Здесь стоял неумолчный шум. Вода не пела – она хохотала, скандалила, требовала, выкликала, насмешничала. У одного фонтана был высокий тембр, у другого на несколько тонов ниже. Они не сливались в хор, напротив – звучали на удивление не дружно, как будто готовы были поссориться в любое мгновение.
Фейнне подняла руку и провела пальцами по воздуху. В пустоте на миг повисли пять разноцветных полос. Задрожав, они растаяли.
Фейнне помедлила, затем быстро обвела пальцем конур. Явилось изображение бабочки. Два легких тычка – и у бабочки расцветились пятнами верхушки крыльев. Щедрый мазок – она сделалась желтой. Извилистая полоса – выросла зеленая ветка. Бабочка, подхваченная ладонью Фейнне, тихо опустилась на ветку и замерла.
Фейнне отошла на несколько шагов назад, склонила голову набок, рассматривая свое невесомое творение, а потом тихо рассмеялась.
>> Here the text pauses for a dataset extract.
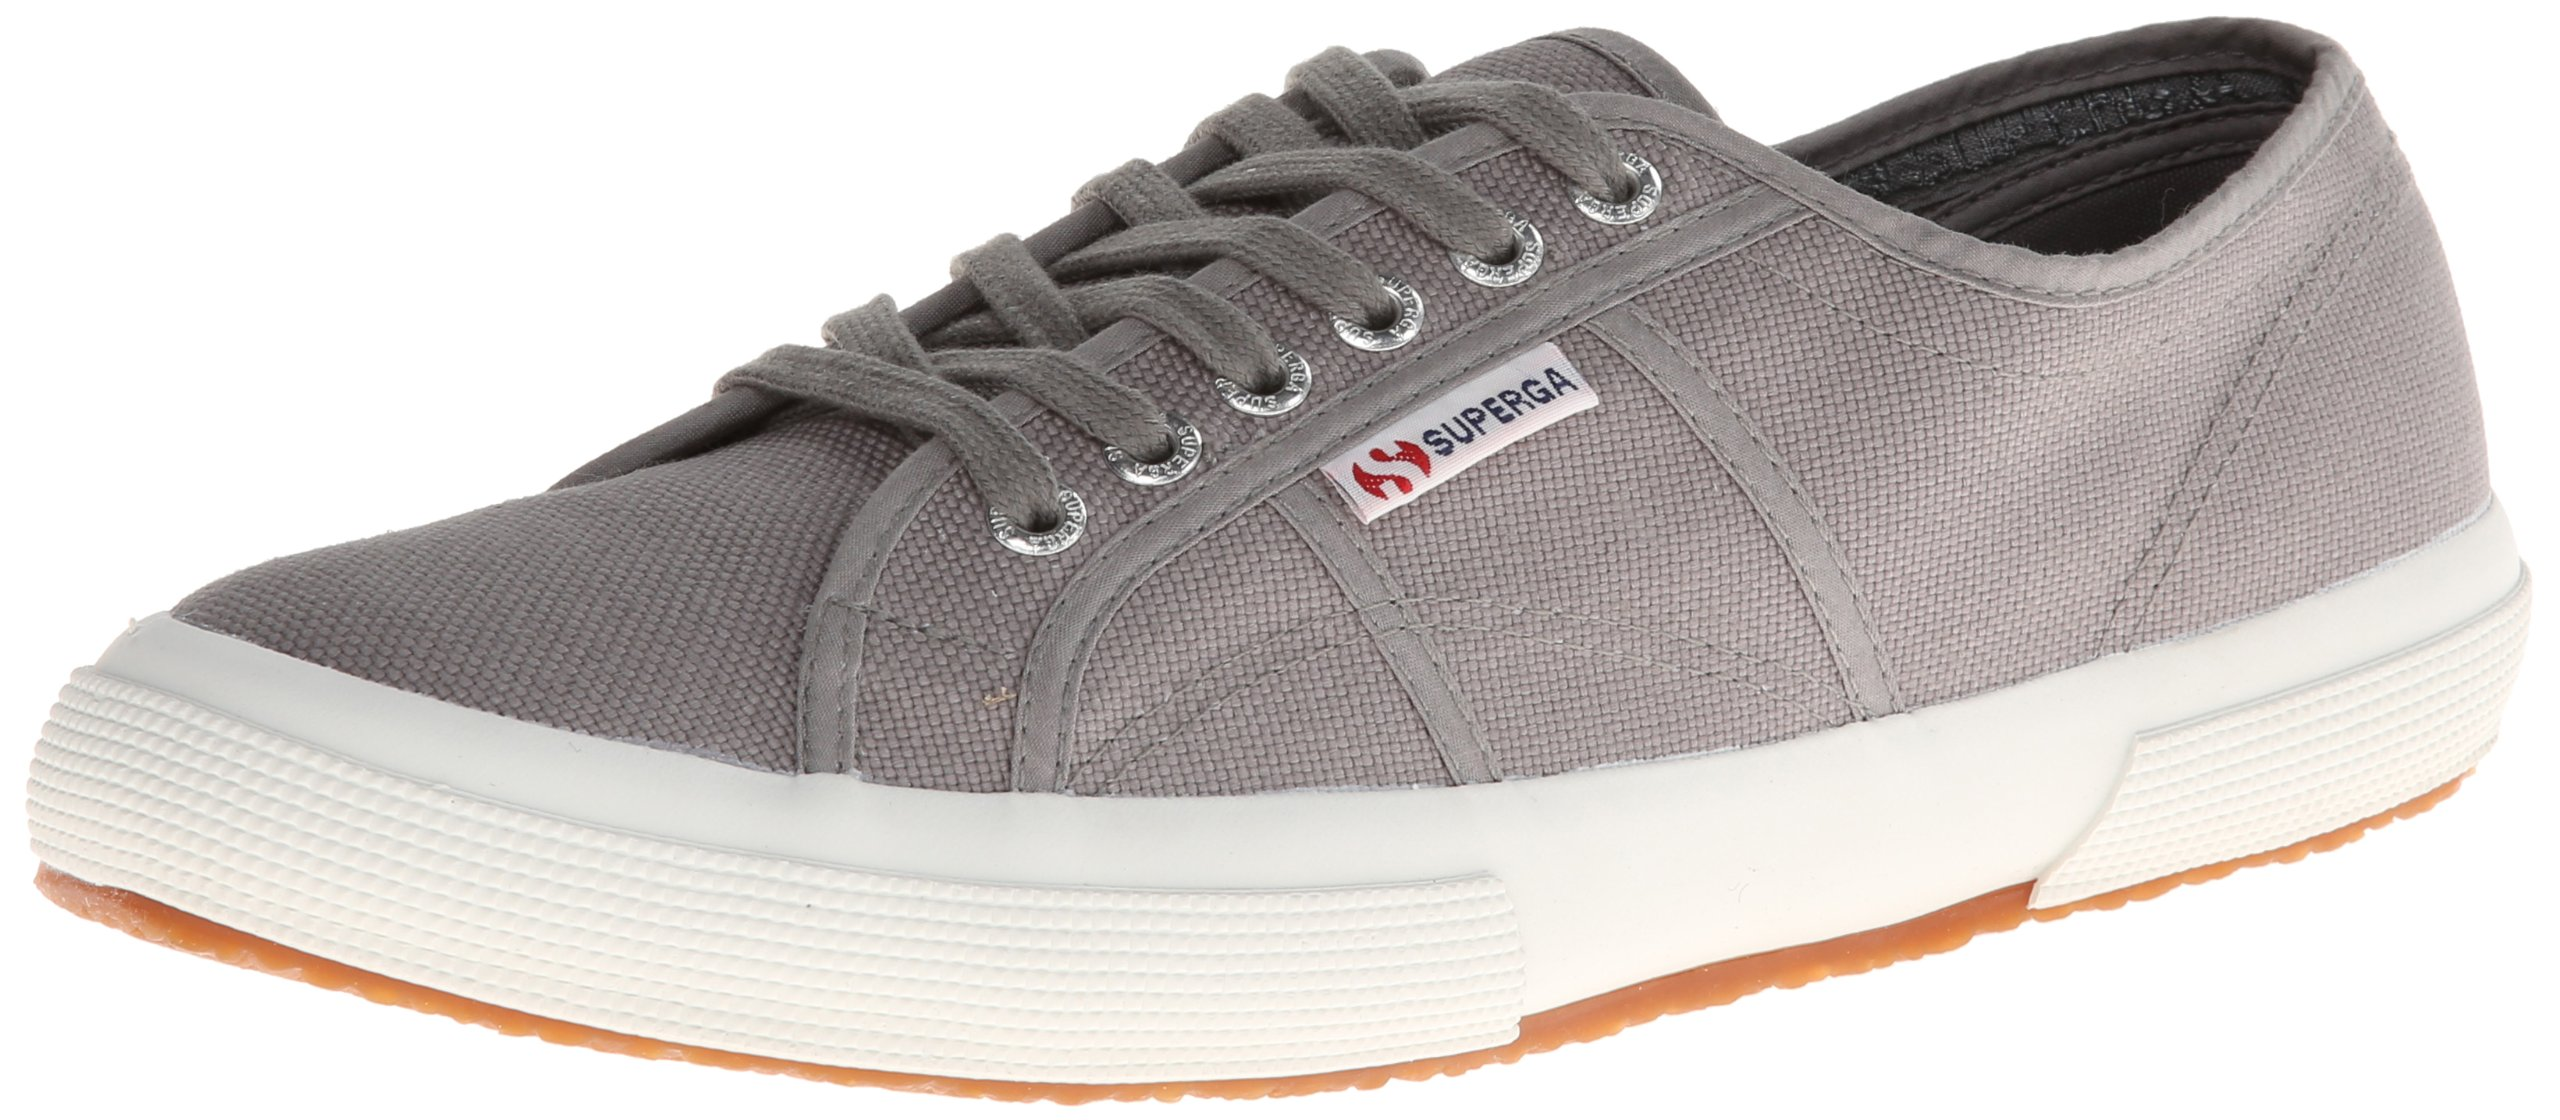 Superga Unisex 2750 Cotu  Grey Sage Classic Sneaker - 38 M EU / 7.5 B(M) US Women / 6 D(M) US Men

Картина продолжала висеть в воздухе: она и существовала, и не существовала. Это был образ, замысел – но здесь, среди бьющих с неба фонтанов, он обрел зримое воплощение, не будучи воплощенным в красках и холсте.
Элизахар смотрел то на девушку, то на созданное ею и вдруг с особенной остротой ощутил, насколько они с Фейнне разнятся – насколько не подходят друг другу. Он даже боялся заговаривать с ней о будущем. Так и не сказал ей о своем титуле, который, возможно, скоро унаследует – поскольку никто, даже герцог Ларренс, не собирается жить вечно.
Ему думалось: судьба дала ему несколько дней полного, ничем не омраченного счастья. Вдвоем с Фейнне, там, где их никто не найдет, никто не потревожит. И у нее появилось зрение. Все прочие мысли следовало отмести, изгнать и растоптать.
В шуме фонтанов Элизахару стало чудиться вдруг нечто противоестественное – нечто такое, чего не может быть, ни в эльфийском мире, ни в человеческом, потому что природа не в состоянии так сильно искажать самое себя. Может быть, дело в несовместимости шумящих голосов, которые угадывались за пением воды. Для людей естественно быть разобщенными, но водные струи не бывают настолько дисгармоничными.